Sunday, October 11, 2009

Living during SVN downtime

We had a svn downtime at the weekend and I decided to work on something different. I was bored because I don't like to work on monodevelop without svn.
I've decided to do something useful and made a little hex editor user control using spare parts of the text editor control and it was very fun.
















The control feels fast (at least compared to the other hex editors I tested). It could re-use red-black tree for data storage and almost all data structures used by the text editor.

Some of the code changed, for example it's no longer needed to have locations as line/columns.
Instead just the offset is used (btw. all calculations done by the hex editor are much simpler than in the text editor). It still needs some work, for example the undo/redo logic and cut&paste needs to be 'translated'. But this should be easy - I may do it during the next svn downtime :)














From the user point of view it feels like the monodevelop text editor. It re-uses some of the drawing code and event handler logic.
  • Styling (could share style files with the text editor)
  • "Margin" model
  • Caret blinking/drawing
  • Bookmarks
  • Mouse behavior (selection etc.)
  • It can do bookmarks, selection, zooming, group bytes, words, longs
After the 2.2 release I'll include a hex editor view in monodevelop. From time to time I need to view the hex code of files, then I can do this without leaving monodevelop.

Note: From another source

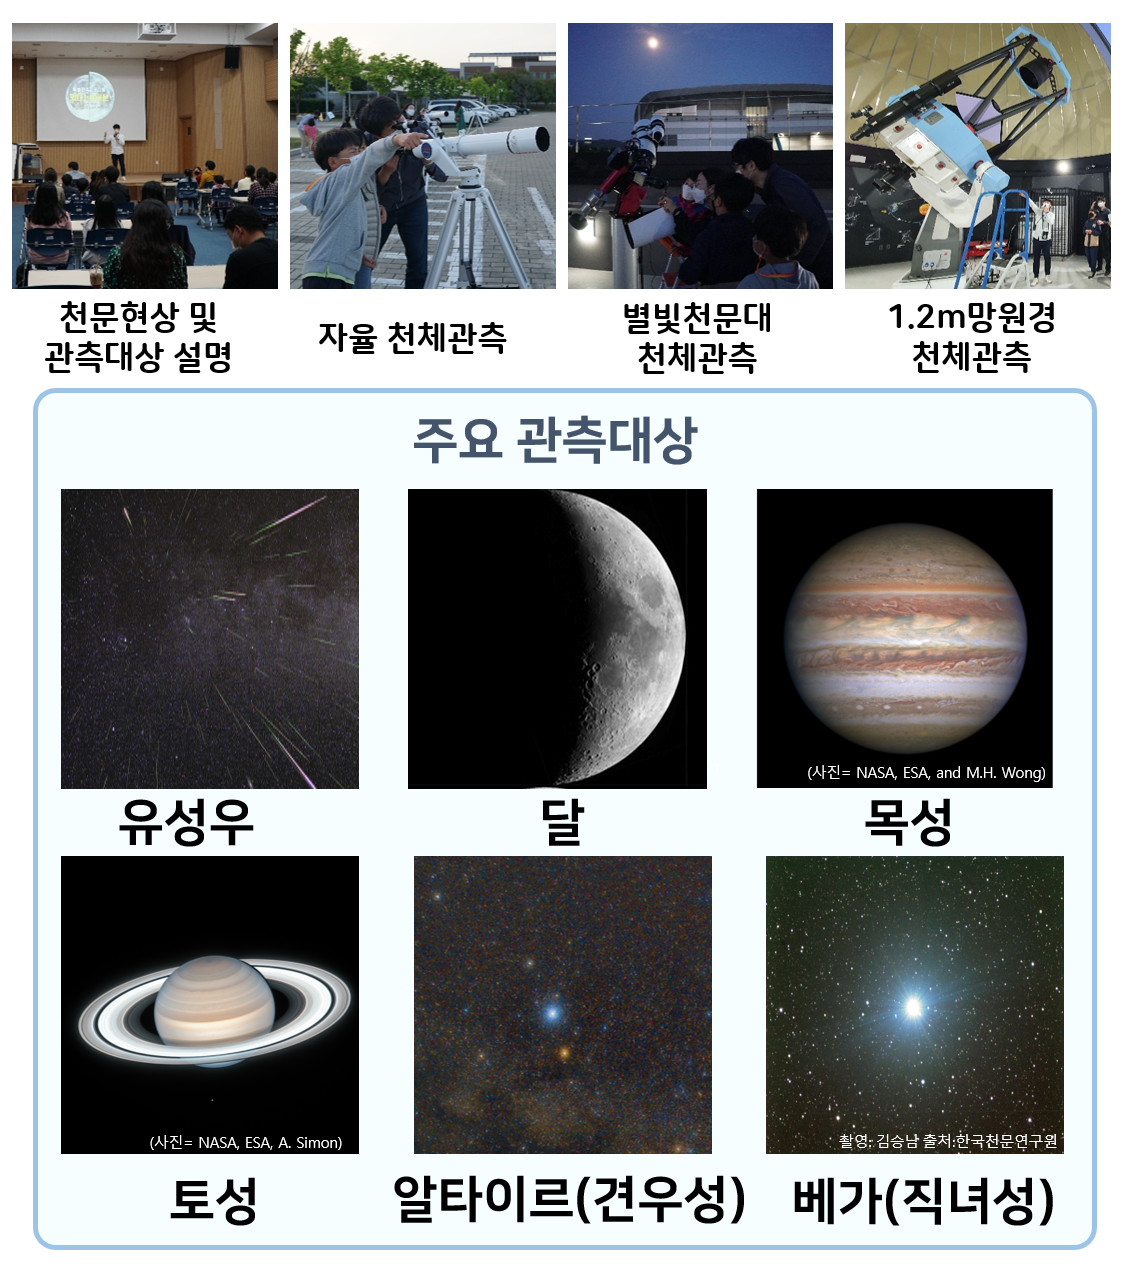 천문현상 및 관측대상 설명, 자율 천체관측, 별빛천문대 천체관측, 1.2m 망원경 천체관측 | 주요관측대상 : 유성우, 달, 목성, 토성, 알타이르(견우성), 베가(직녀성)

I wonder if anybody dares to make a stand alone version of the monodevelop hex editor and text editor. Both controls can easily be re-used in a standalone application.

3 comments:

Unknown said...

You should take a look at tweak[1], which is a curses based hex editor which supports insert (which no other hex editor I've used does), and has a nice datastructure which allows it to work on multi-gigabyte files very efficiently (it only loads the parts of the file which are accessed into memory). The algorithm description[2] is well worth reading, too.

A nice UI built on top of tweaks datastructure would be wonderful!

[1] http://www.chiark.greenend.org.uk/~sgtatham/tweak/

[2] http://www.chiark.greenend.org.uk/~sgtatham/tweak/btree.html

Mike Krüger said...

I use something like this - red black trees are self balancing binary search trees. Theoretically I could work with multi-gigabyte files too. I don't need to have the whole buffer in memory.

The "original" file is represented by an interface:

interface IBuffer {
long Length { get; }
byte GetByte (long offset);
}

Only the changes are stored in memory.

I've read about the tweak data structure. I think the idea to use btrees for cut/copy/paste is really cool (he's right - cut/copy large chunks is very fast this way).

Whats funny is that the tweak author did a hex editor and suggested to use trees in a text editor. I've done the opposite :) - ok I admit that in the text editor I use it only partially for the line data structures.

Mike Krüger said...

I've just implemented the interface on base of a FileStream.
I changed the byte GetByte (long offset); to byte[] GetByte (long offset, int count); and tested it on a 2GB file on a nfs ... it's fast.